--- WORK INSTRUCTIONS ---
Return each line below exactly as it reads, and omit any image in it.

--- RAW DATA ---
*** Begin section ***
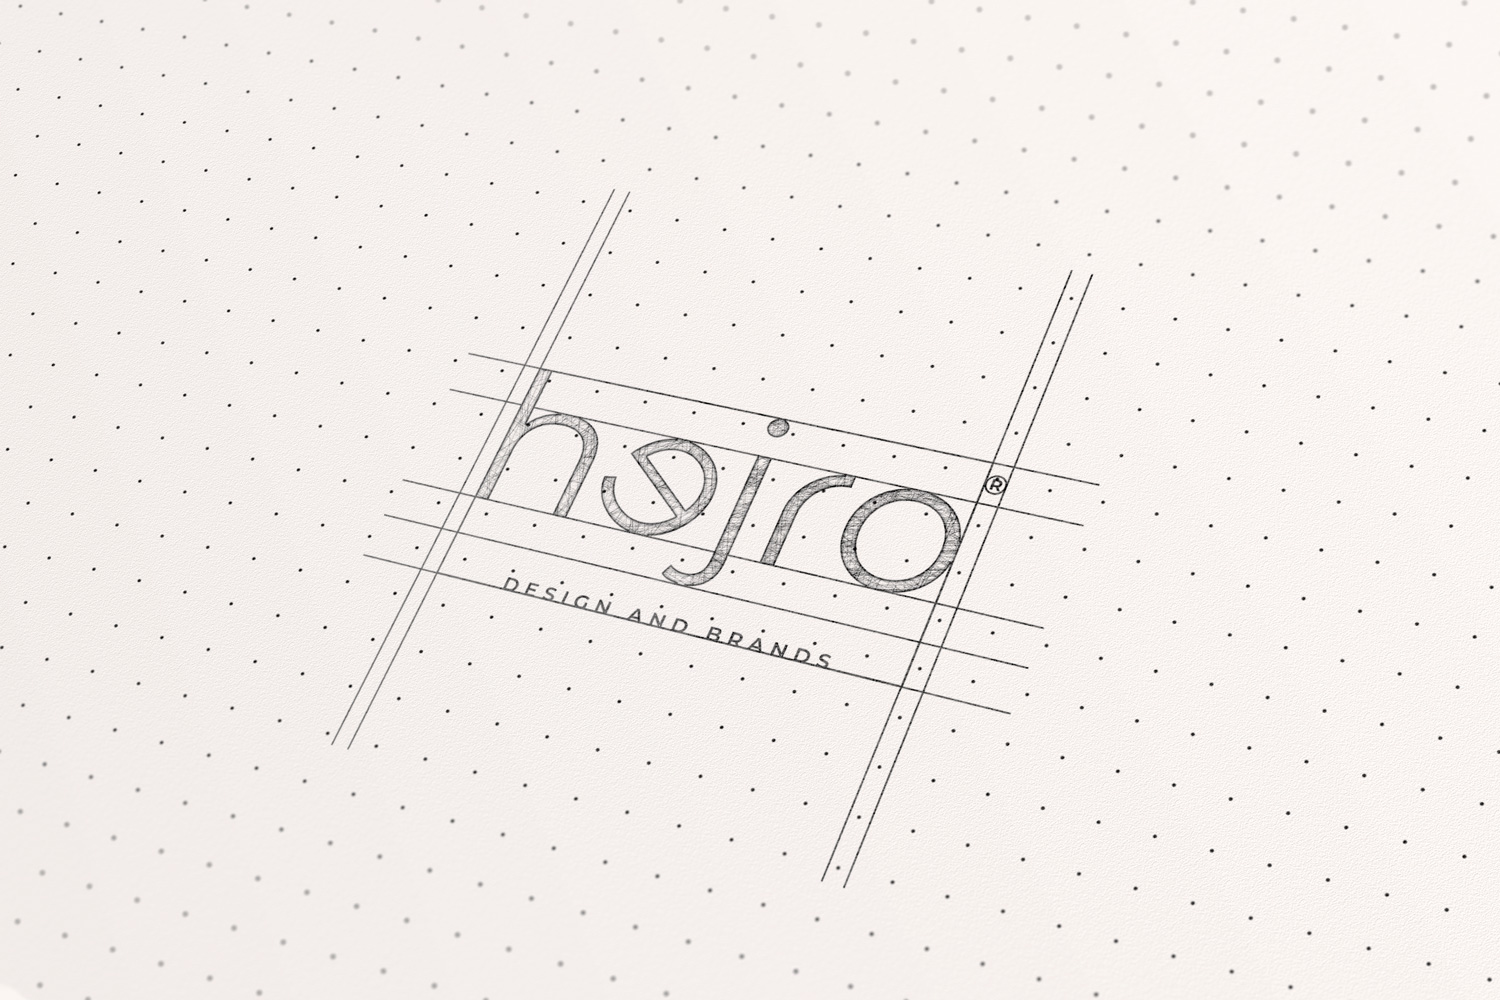 hejro DESIGN AND BRANDS – Logoentwicklung Skizze
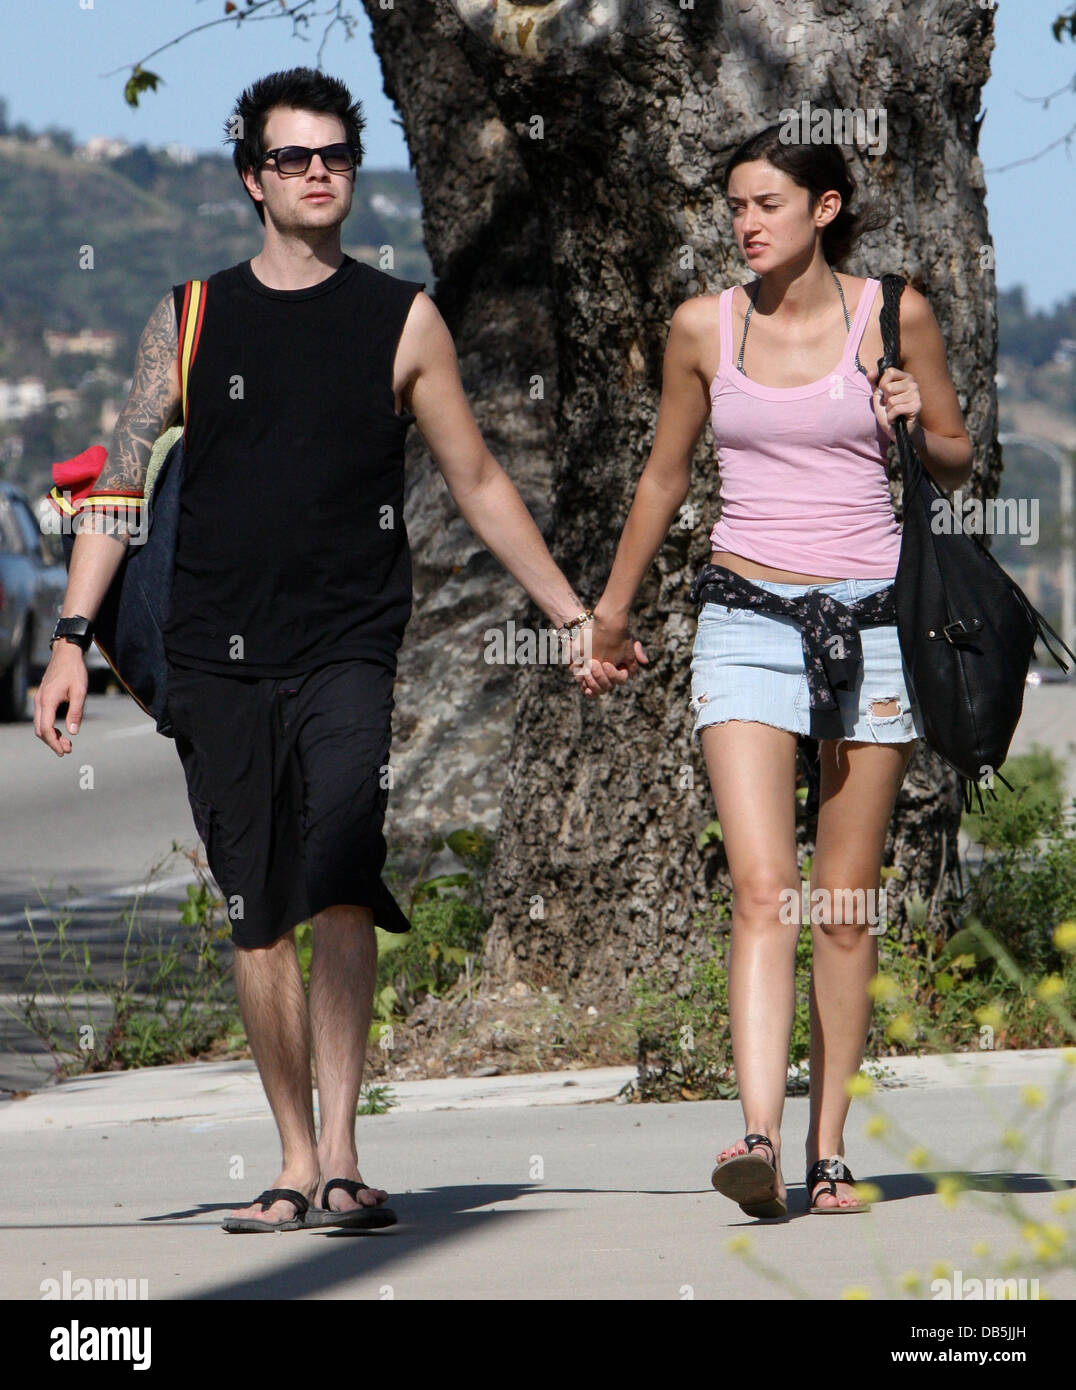 American actress Caroline D'Amore   walking with her boyfriend in Malibu  Los Angeles, California - 30.04.11 Stock Photo
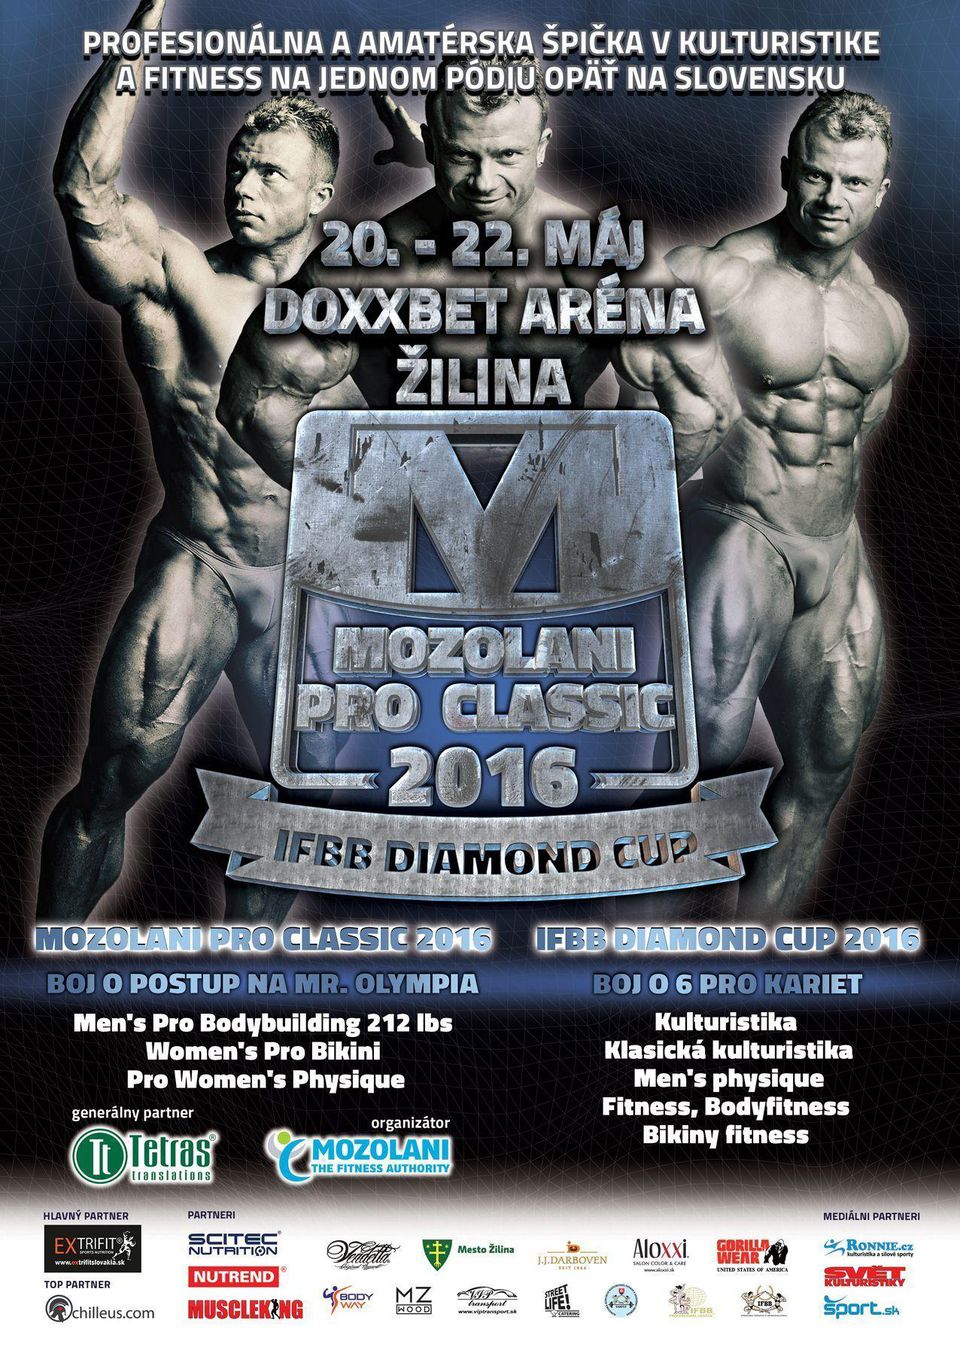 IFBB Diamond Cup Mozolani Pro Classic 2016 mozolani.com
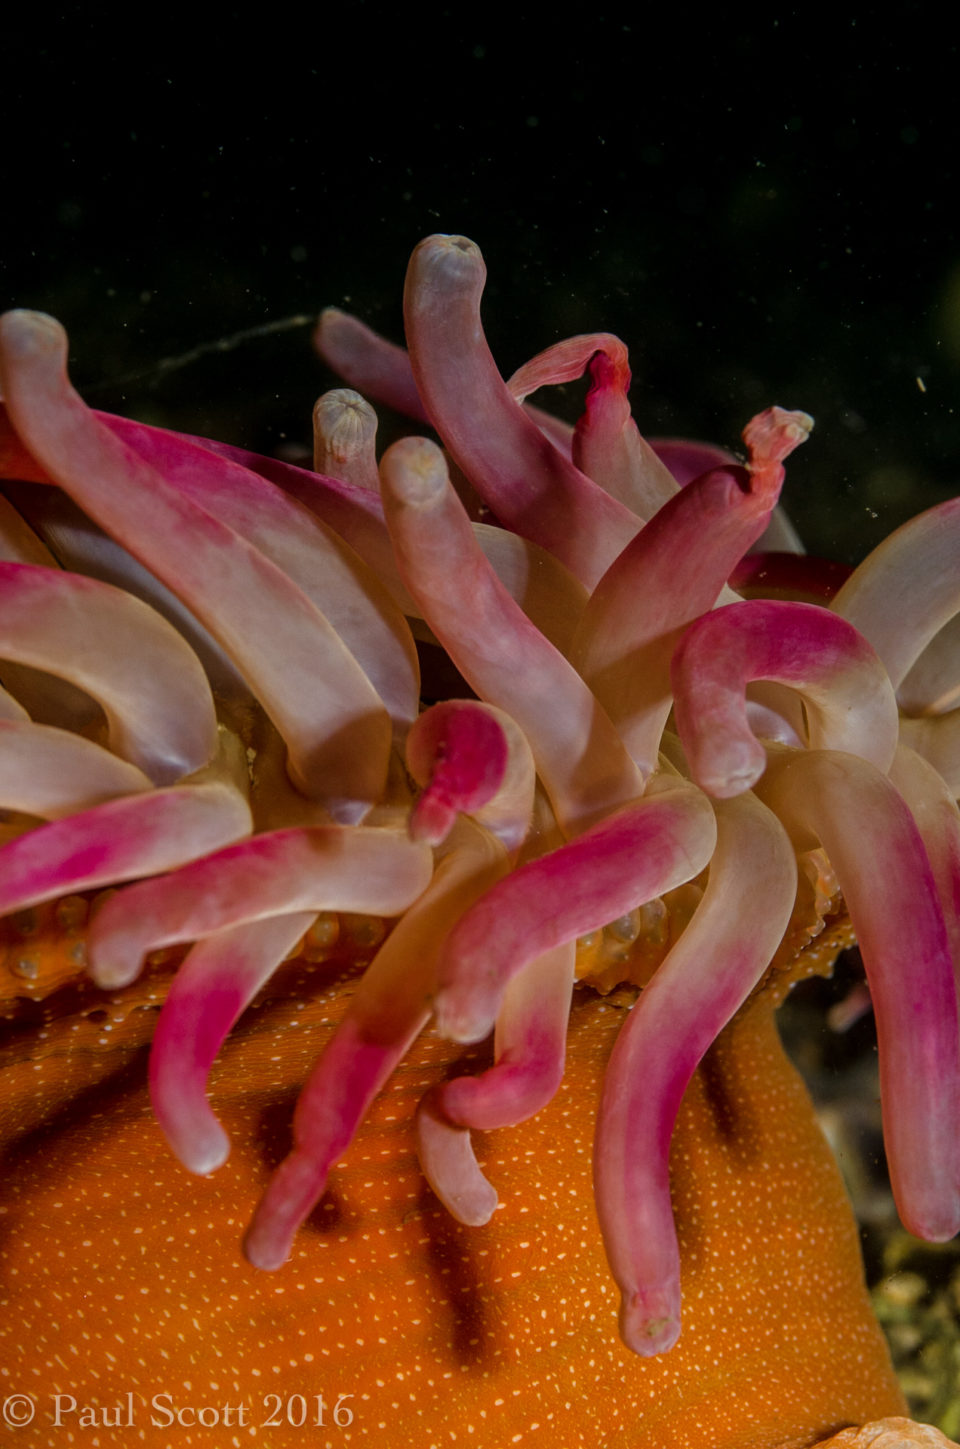 Horseman anemone, Urticina eques
*** End section ***
--- ANSWER SPACE ---
 hejro DESIGN AND BRANDS – Logoentwicklung Skizze
 American actress Caroline D'Amore   walking with her boyfriend in Malibu  Los Angeles, California - 30.04.11 Stock Photo
 IFBB Diamond Cup Mozolani Pro Classic 2016 mozolani.com
 Horseman anemone, Urticina eques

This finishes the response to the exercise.